Monthly Archives: June 2010

A Work Truly Our Own

Ito ang kahalagahan ng ating demokrasya.  Ito ang pundasyon ng ating pagkakaisa.  Nangampanya tayo para sa pagbabago.  Dahil dito taas-noo muli ang Pilipino.  Tayong lahat ay kabilang sa isang bansa kung saan maaari nang mangarap muli.

- Inaugural Address, President Benigno Aquino III

I woke up to the tune of a new President today.  Noynoy Aquino took to the stands and faced the nation and the world, and today marks the beginning of his Presidency.  Today marks the journey we take with him, with his guidance and leadership, to a new chapter in our history.  He stands before us as our leader, as our President, and most of all, at least for six years, our beacon of hope; for he himself took that mantle up for himself.  A man with a clear mandate, a man backed by the will of the people; a man who now stands as the President of the Philippines.

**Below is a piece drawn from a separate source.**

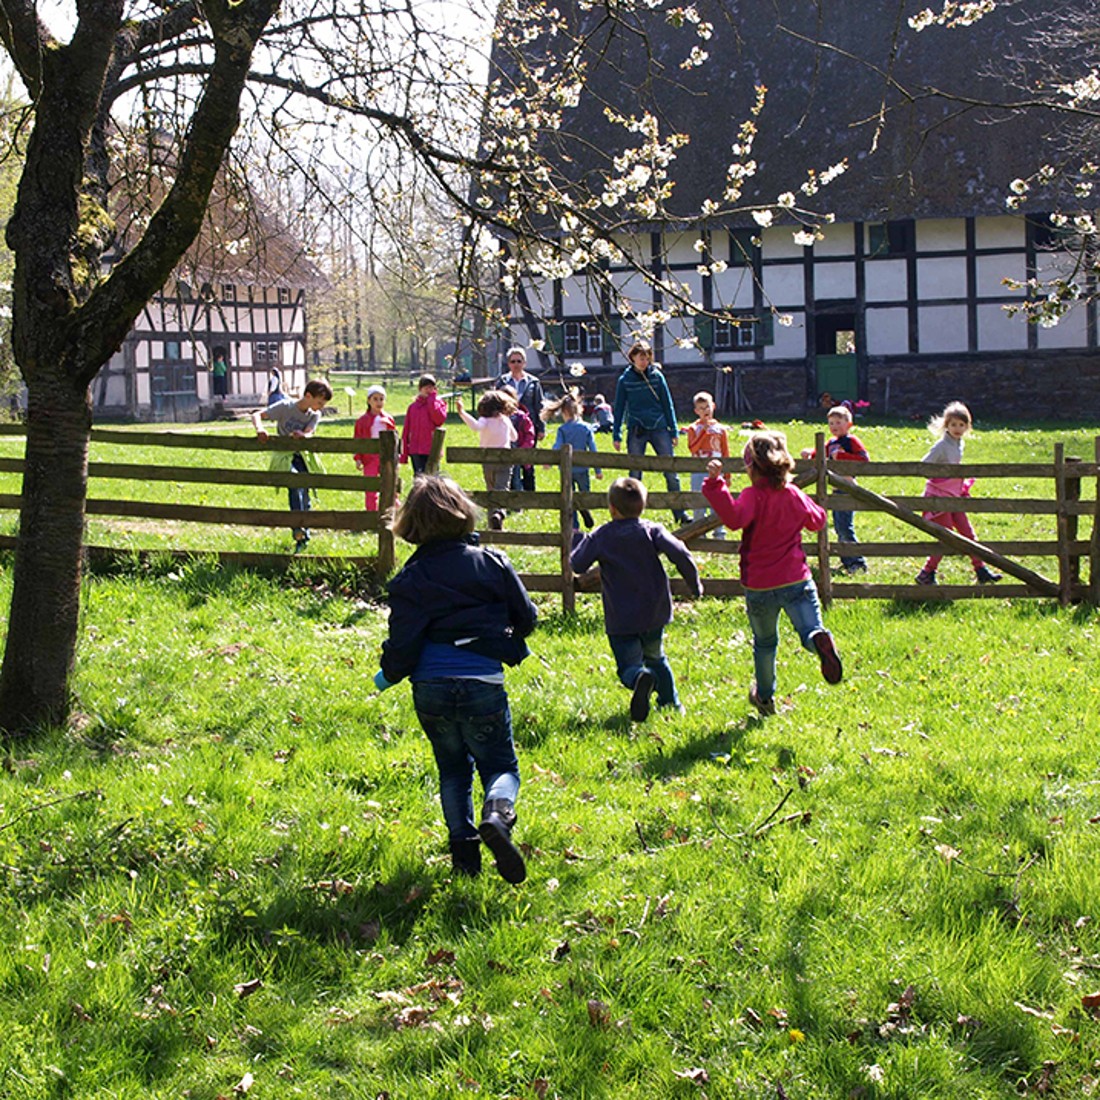 Kinder rennen über eine Wiese, im Hintergrund sieht man Fachwerkhäuser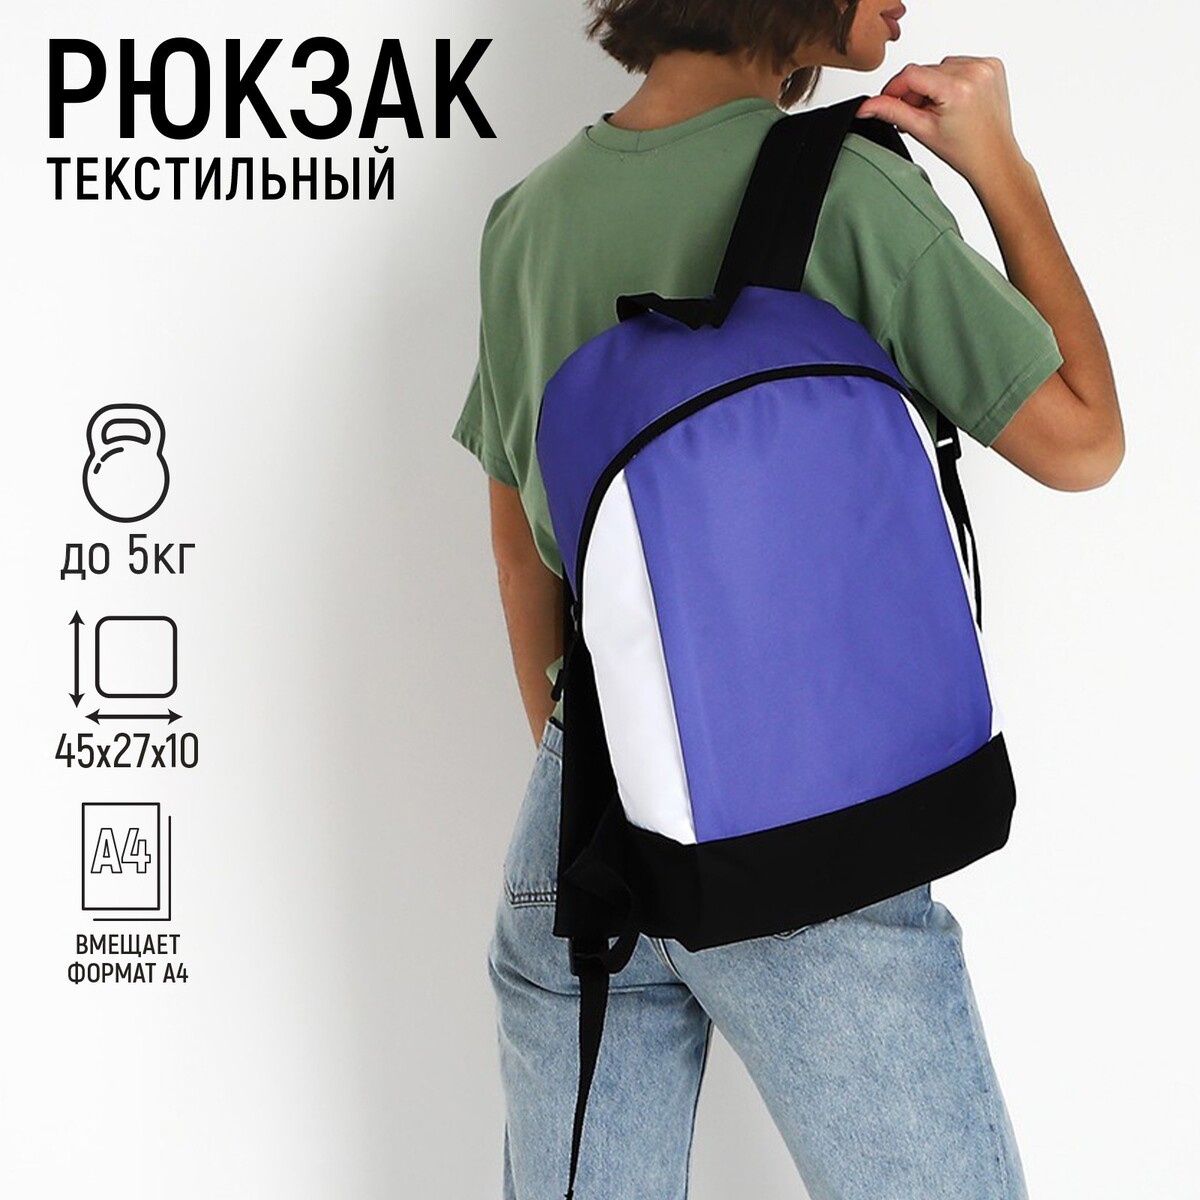 Рюкзак текстильный 46х30х10 см, вертикальный карман, цвет фиолетовый рюкзак молодежный на молнии наружный карман фиолетовый

Like President Aquino, I hope.  I wouldn’t hold my head high to walk with pride, but to keep it low enough to see the road ahead, and where I am on this road.  Surrounded by the yellow glow of hope, the road ahead is rife with challenges and problems that hope alone cannot resolve, that dreams alone cannot make better, and legacies alone cannot address.  That hope, without action, is a dangerous thing.

As Noynoy Aquino takes up the mantle of the Presidency, so we should take up the mantle of citizenship.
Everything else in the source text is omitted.